Modeling Bacterial Growth with Differential Equations

[thereddevils]

Homework Statement

A cultured bacteria of a species multiplied at a rate that is directly proportional to the number of cultured bacteria in the culture. If x is the number of bacteria in the culture in time t seconds write down the differential equation that describes the growth of the bacteria. At the beginning of the experiment, there were 1000 bacteria of a certain species. It was known that the cultured bacteria multiply at a rate of 1.5 times per hour. Find the number of bacteria in the culture after 3 hours.

Homework Equations

The Attempt at a Solution

The differential equation is dx/dt=kx with solution x=1000e^(kt)

It was known that the cultured bacteria multiply at a rate of 1.5 times per hour. What did this line imply?
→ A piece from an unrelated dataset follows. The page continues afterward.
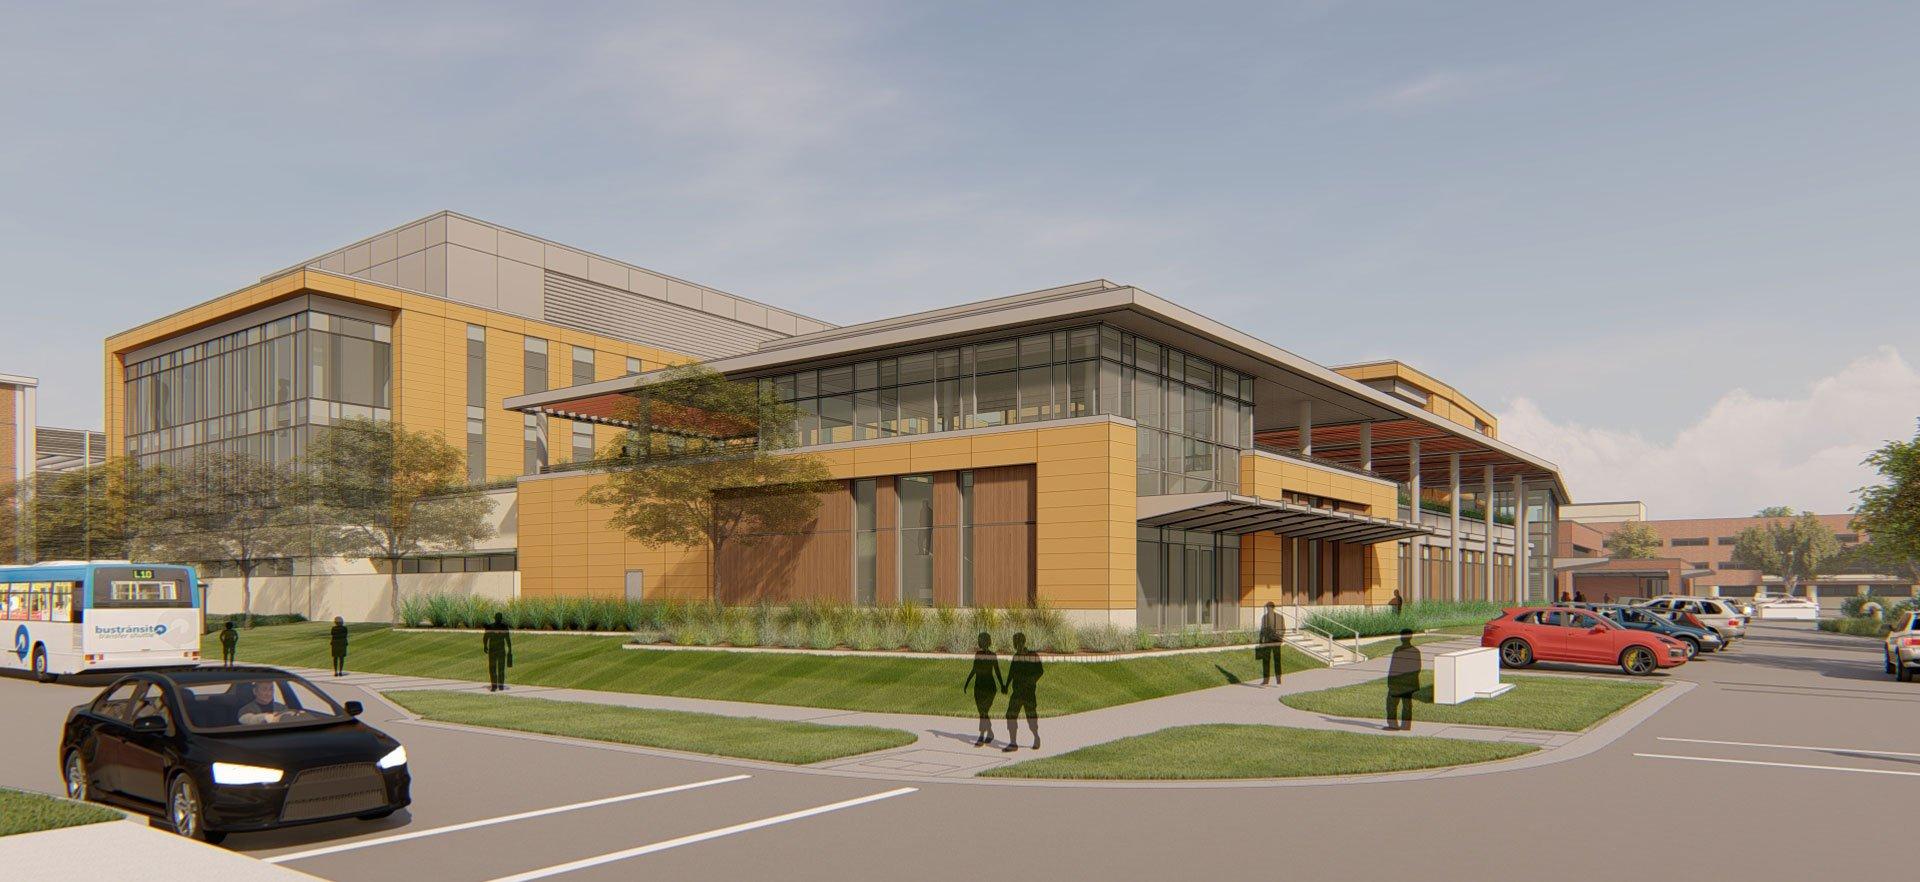 UW-Madison Veterinary Medicine education C.D. Smith Construction general contractor building addition renovation project

since in one hour it multiplied 1.5 times, then in 3 hours would be 4.5 times. Simply take 1000 multiplied by 4.5 to get the answer?

 

[Mentallic]

It was known that the cultured bacteria multiply at a rate of 1.5 times per hour. What did this line imply?

After 1 hour the bacteria has multiplied by 1.5 times. You need to use this information to find the constant of exponentiation k.

since in one hour it multiplied 1.5 times, then in 3 hours would be 4.5 times. Simply take 1000 multiplied by 4.5 to get the answer?

Definitely not. This is not a linear problem.
In the second hour, we already have 1.5x the original bacteria population and now we're going to take 1.5x that population, not the original.

 

[thereddevils]

After 1 hour the bacteria has multiplied by 1.5 times. You need to use this information to find the constant of exponentiation k.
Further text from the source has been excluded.